Recorded data
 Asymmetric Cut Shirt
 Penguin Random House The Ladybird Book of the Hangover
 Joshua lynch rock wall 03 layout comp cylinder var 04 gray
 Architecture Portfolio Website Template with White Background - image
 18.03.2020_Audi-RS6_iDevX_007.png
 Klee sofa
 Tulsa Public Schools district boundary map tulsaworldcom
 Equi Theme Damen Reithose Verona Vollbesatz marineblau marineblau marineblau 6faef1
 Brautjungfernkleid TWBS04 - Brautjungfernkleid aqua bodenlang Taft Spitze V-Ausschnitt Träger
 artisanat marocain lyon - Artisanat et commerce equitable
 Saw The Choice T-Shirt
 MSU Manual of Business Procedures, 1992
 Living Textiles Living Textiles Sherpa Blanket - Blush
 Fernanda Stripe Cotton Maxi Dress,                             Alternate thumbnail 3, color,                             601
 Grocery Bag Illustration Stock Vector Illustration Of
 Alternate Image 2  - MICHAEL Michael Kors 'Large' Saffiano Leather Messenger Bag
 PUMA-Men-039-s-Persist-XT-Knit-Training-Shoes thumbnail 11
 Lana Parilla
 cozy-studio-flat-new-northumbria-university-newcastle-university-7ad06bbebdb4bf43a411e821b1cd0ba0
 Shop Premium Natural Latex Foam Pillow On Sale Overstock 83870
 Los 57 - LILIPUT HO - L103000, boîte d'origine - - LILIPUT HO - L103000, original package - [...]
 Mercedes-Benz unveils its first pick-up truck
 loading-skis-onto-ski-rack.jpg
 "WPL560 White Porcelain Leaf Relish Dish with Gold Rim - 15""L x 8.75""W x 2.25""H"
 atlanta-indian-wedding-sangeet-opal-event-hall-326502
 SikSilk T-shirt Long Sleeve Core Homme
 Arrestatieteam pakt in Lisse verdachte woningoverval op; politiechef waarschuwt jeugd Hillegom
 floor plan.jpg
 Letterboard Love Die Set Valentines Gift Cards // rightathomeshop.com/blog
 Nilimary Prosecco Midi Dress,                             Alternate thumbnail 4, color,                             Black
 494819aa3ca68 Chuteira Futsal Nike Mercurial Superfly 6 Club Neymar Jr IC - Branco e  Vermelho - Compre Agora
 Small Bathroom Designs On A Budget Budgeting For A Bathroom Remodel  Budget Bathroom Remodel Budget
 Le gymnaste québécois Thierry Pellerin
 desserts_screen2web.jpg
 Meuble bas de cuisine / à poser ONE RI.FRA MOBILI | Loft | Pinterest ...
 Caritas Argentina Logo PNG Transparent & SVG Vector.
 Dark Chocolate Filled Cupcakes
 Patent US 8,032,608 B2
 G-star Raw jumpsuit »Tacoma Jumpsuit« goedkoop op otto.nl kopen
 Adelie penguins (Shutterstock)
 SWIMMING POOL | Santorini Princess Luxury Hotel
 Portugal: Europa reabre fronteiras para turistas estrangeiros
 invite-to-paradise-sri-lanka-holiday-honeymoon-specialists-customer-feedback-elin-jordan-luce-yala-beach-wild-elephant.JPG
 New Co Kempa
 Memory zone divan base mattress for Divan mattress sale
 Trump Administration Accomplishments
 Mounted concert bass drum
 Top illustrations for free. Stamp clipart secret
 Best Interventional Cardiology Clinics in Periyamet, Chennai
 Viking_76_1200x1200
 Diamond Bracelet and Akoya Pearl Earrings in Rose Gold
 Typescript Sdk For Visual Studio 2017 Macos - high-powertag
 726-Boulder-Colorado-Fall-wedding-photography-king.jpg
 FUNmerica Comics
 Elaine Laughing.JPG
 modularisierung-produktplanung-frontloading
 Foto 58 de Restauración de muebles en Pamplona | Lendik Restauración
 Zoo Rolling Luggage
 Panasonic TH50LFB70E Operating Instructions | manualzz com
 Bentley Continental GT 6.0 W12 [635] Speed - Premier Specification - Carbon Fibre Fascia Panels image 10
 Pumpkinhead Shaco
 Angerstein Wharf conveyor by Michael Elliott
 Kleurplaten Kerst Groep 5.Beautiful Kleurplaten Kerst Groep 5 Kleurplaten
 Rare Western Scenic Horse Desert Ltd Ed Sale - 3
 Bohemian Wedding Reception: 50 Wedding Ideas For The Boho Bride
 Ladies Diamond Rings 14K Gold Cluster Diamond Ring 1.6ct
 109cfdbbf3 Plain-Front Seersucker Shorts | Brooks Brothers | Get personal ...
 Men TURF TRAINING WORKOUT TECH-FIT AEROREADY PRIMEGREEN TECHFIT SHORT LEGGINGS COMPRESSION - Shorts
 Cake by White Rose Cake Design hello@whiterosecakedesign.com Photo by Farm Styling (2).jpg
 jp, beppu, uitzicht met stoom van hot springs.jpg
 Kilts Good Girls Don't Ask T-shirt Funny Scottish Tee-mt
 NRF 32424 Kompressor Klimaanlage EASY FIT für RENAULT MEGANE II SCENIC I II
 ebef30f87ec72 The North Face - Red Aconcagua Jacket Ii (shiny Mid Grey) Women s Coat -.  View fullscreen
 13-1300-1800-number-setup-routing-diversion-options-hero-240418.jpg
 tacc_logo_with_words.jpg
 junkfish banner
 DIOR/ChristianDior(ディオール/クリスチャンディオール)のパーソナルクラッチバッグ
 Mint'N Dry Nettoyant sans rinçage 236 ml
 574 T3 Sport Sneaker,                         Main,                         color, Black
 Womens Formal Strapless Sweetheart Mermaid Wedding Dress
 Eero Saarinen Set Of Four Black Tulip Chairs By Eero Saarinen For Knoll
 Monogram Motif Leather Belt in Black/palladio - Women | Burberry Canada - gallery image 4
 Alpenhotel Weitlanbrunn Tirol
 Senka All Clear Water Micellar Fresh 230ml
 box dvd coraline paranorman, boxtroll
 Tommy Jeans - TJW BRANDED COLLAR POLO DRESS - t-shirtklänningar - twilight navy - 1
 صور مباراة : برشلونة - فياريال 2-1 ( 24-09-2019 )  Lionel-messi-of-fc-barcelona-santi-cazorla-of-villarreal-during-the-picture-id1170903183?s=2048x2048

▸ **ACTION ITEM**
All of the lines above need to be given again exactly.

▸ **ANSWER BELOW**
 Asymmetric Cut Shirt
 Penguin Random House The Ladybird Book of the Hangover
 Joshua lynch rock wall 03 layout comp cylinder var 04 gray
 Architecture Portfolio Website Template with White Background - image
 18.03.2020_Audi-RS6_iDevX_007.png
 Klee sofa
 Tulsa Public Schools district boundary map tulsaworldcom
 Equi Theme Damen Reithose Verona Vollbesatz marineblau marineblau marineblau 6faef1
 Brautjungfernkleid TWBS04 - Brautjungfernkleid aqua bodenlang Taft Spitze V-Ausschnitt Träger
 artisanat marocain lyon - Artisanat et commerce equitable
 Saw The Choice T-Shirt
 MSU Manual of Business Procedures, 1992
 Living Textiles Living Textiles Sherpa Blanket - Blush
 Fernanda Stripe Cotton Maxi Dress,                             Alternate thumbnail 3, color,                             601
 Grocery Bag Illustration Stock Vector Illustration Of
 Alternate Image 2  - MICHAEL Michael Kors 'Large' Saffiano Leather Messenger Bag
 PUMA-Men-039-s-Persist-XT-Knit-Training-Shoes thumbnail 11
 Lana Parilla
 cozy-studio-flat-new-northumbria-university-newcastle-university-7ad06bbebdb4bf43a411e821b1cd0ba0
 Shop Premium Natural Latex Foam Pillow On Sale Overstock 83870
 Los 57 - LILIPUT HO - L103000, boîte d'origine - - LILIPUT HO - L103000, original package - [...]
 Mercedes-Benz unveils its first pick-up truck
 loading-skis-onto-ski-rack.jpg
 "WPL560 White Porcelain Leaf Relish Dish with Gold Rim - 15""L x 8.75""W x 2.25""H"
 atlanta-indian-wedding-sangeet-opal-event-hall-326502
 SikSilk T-shirt Long Sleeve Core Homme
 Arrestatieteam pakt in Lisse verdachte woningoverval op; politiechef waarschuwt jeugd Hillegom
 floor plan.jpg
 Letterboard Love Die Set Valentines Gift Cards // rightathomeshop.com/blog
 Nilimary Prosecco Midi Dress,                             Alternate thumbnail 4, color,                             Black
 494819aa3ca68 Chuteira Futsal Nike Mercurial Superfly 6 Club Neymar Jr IC - Branco e  Vermelho - Compre Agora
 Small Bathroom Designs On A Budget Budgeting For A Bathroom Remodel  Budget Bathroom Remodel Budget
 Le gymnaste québécois Thierry Pellerin
 desserts_screen2web.jpg
 Meuble bas de cuisine / à poser ONE RI.FRA MOBILI | Loft | Pinterest ...
 Caritas Argentina Logo PNG Transparent & SVG Vector.
 Dark Chocolate Filled Cupcakes
 Patent US 8,032,608 B2
 G-star Raw jumpsuit »Tacoma Jumpsuit« goedkoop op otto.nl kopen
 Adelie penguins (Shutterstock)
 SWIMMING POOL | Santorini Princess Luxury Hotel
 Portugal: Europa reabre fronteiras para turistas estrangeiros
 invite-to-paradise-sri-lanka-holiday-honeymoon-specialists-customer-feedback-elin-jordan-luce-yala-beach-wild-elephant.JPG
 New Co Kempa
 Memory zone divan base mattress for Divan mattress sale
 Trump Administration Accomplishments
 Mounted concert bass drum
 Top illustrations for free. Stamp clipart secret
 Best Interventional Cardiology Clinics in Periyamet, Chennai
 Viking_76_1200x1200
 Diamond Bracelet and Akoya Pearl Earrings in Rose Gold
 Typescript Sdk For Visual Studio 2017 Macos - high-powertag
 726-Boulder-Colorado-Fall-wedding-photography-king.jpg
 FUNmerica Comics
 Elaine Laughing.JPG
 modularisierung-produktplanung-frontloading
 Foto 58 de Restauración de muebles en Pamplona | Lendik Restauración
 Zoo Rolling Luggage
 Panasonic TH50LFB70E Operating Instructions | manualzz com
 Bentley Continental GT 6.0 W12 [635] Speed - Premier Specification - Carbon Fibre Fascia Panels image 10
 Pumpkinhead Shaco
 Angerstein Wharf conveyor by Michael Elliott
 Kleurplaten Kerst Groep 5.Beautiful Kleurplaten Kerst Groep 5 Kleurplaten
 Rare Western Scenic Horse Desert Ltd Ed Sale - 3
 Bohemian Wedding Reception: 50 Wedding Ideas For The Boho Bride
 Ladies Diamond Rings 14K Gold Cluster Diamond Ring 1.6ct
 109cfdbbf3 Plain-Front Seersucker Shorts | Brooks Brothers | Get personal ...
 Men TURF TRAINING WORKOUT TECH-FIT AEROREADY PRIMEGREEN TECHFIT SHORT LEGGINGS COMPRESSION - Shorts
 Cake by White Rose Cake Design hello@whiterosecakedesign.com Photo by Farm Styling (2).jpg
 jp, beppu, uitzicht met stoom van hot springs.jpg
 Kilts Good Girls Don't Ask T-shirt Funny Scottish Tee-mt
 NRF 32424 Kompressor Klimaanlage EASY FIT für RENAULT MEGANE II SCENIC I II
 ebef30f87ec72 The North Face - Red Aconcagua Jacket Ii (shiny Mid Grey) Women s Coat -.  View fullscreen
 13-1300-1800-number-setup-routing-diversion-options-hero-240418.jpg
 tacc_logo_with_words.jpg
 junkfish banner
 DIOR/ChristianDior(ディオール/クリスチャンディオール)のパーソナルクラッチバッグ
 Mint'N Dry Nettoyant sans rinçage 236 ml
 574 T3 Sport Sneaker,                         Main,                         color, Black
 Womens Formal Strapless Sweetheart Mermaid Wedding Dress
 Eero Saarinen Set Of Four Black Tulip Chairs By Eero Saarinen For Knoll
 Monogram Motif Leather Belt in Black/palladio - Women | Burberry Canada - gallery image 4
 Alpenhotel Weitlanbrunn Tirol
 Senka All Clear Water Micellar Fresh 230ml
 box dvd coraline paranorman, boxtroll
 Tommy Jeans - TJW BRANDED COLLAR POLO DRESS - t-shirtklänningar - twilight navy - 1
 صور مباراة : برشلونة - فياريال 2-1 ( 24-09-2019 )  Lionel-messi-of-fc-barcelona-santi-cazorla-of-villarreal-during-the-picture-id1170903183?s=2048x2048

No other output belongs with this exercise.